For unknowns with “perpendicular” in the question: set up the dot product, equate to 0, solve.
Round angles to 3 s.f. (e.g. 68.5°) unless an exact value comes out.

The angle formula

Angle between two vectors cos θ = v · w|v| |w|

This comes from rearranging v · w = |v||w| cos θ. Compute the three numbers on the right, divide, then take arccos.

Sign of dot product reveals the angle: v·w > 0 → acute (θ < 90°); = 0 → right angle (θ = 90°); < 0 → obtuse (θ > 90°). Quick classifier without arccos.

The perpendicular condition

Perpendicular ⟺ dot product is zero v ⊥ w ⟺ v · w = 0 (neither is 0)

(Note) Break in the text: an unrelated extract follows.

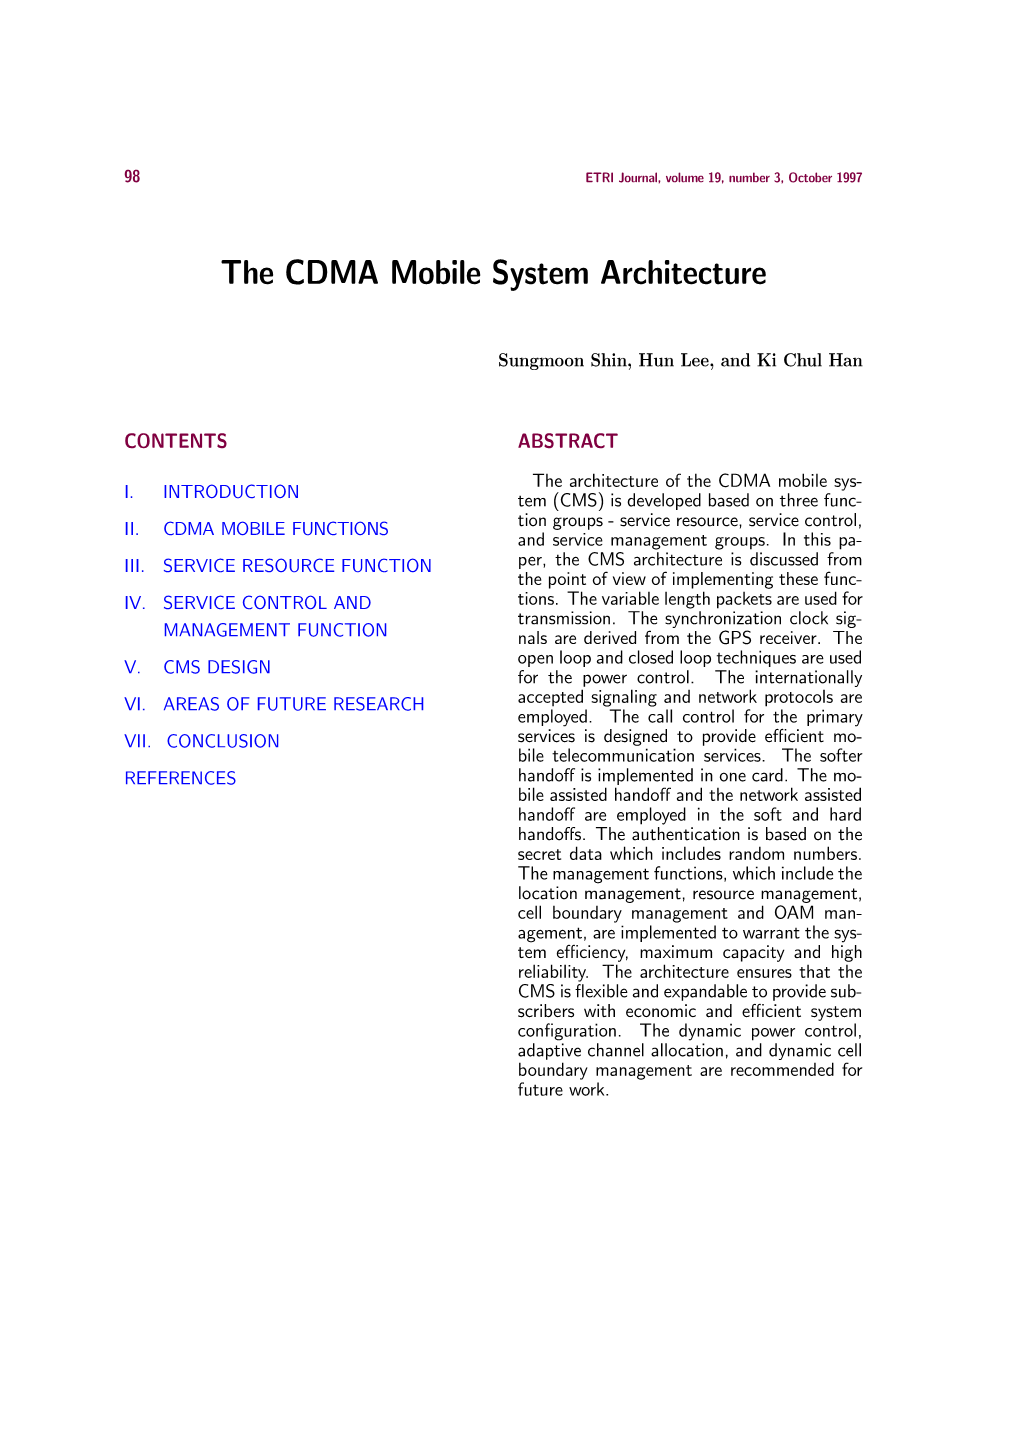 The CDMA Mobile System Architecture

The angle between perpendicular vectors is 90°, and cos 90° = 0. So the dot product collapses to zero exactly when the two vectors meet at right angles.

“Perpendicular” in a question = “set the dot product to zero”. It’s the most common move to find an unknown component when two vectors are guaranteed to meet at right angles.

🧭 Recipe — find the angle between two vectors

Compute the scalar product using the component formula.
Compute each magnitude, |v| and |w|.
Plug into cos θ = (v·w) / (|v||w|).
Take arccos to get θ.
Round to 3 s.f. in degrees, or give the exact angle if cos θ is a special value (1/2, √2/2, etc.).

Worked examples

WE 1

Find the angle between two column vectors

Find the angle between a = (1, 2, −2) and b = (3, 0, 4). Give your answer to 3 s.f.

Step 1: Scalar product a · b = (1)(3) + (2)(0) + (−2)(4) = 3 + 0 − 8 = −5 Step 2: Magnitudes |a| = √(1 + 4 + 4) = √9 = 3 |b| = √(9 + 0 + 16) = √25 = 5 Step 3: Apply the formula cos θ = −5 / (3 × 5) = −1/3 θ = arccos(−1/3) ≈ 109.471° θ ≈ 109° (3 s.f.) negative cos → obtuse angle, just as expected

WE 2

Angle with mixed notation

Find the angle between u = 2i + 4j + 4k and v = (−1, 2, 2). Give your answer to 3 s.f.

Step 1: Scalar product (treat both as columns) u · v = (2)(−1) + (4)(2) + (4)(2) = −2 + 8 + 8 = 14 Step 2: Magnitudes |u| = √(4 + 16 + 16) = √36 = 6 |v| = √(1 + 4 + 4) = √9 = 3 Step 3: Apply the formula cos θ = 14 / (6 × 3) = 14/18 = 7/9 θ = arccos(7/9) ≈ 38.942° θ ≈ 38.9° (3 s.f.)

WE 3

Test if two vectors are perpendicular

Determine whether a = (3, 5, −1) and b = (2, −1, 1) are perpendicular.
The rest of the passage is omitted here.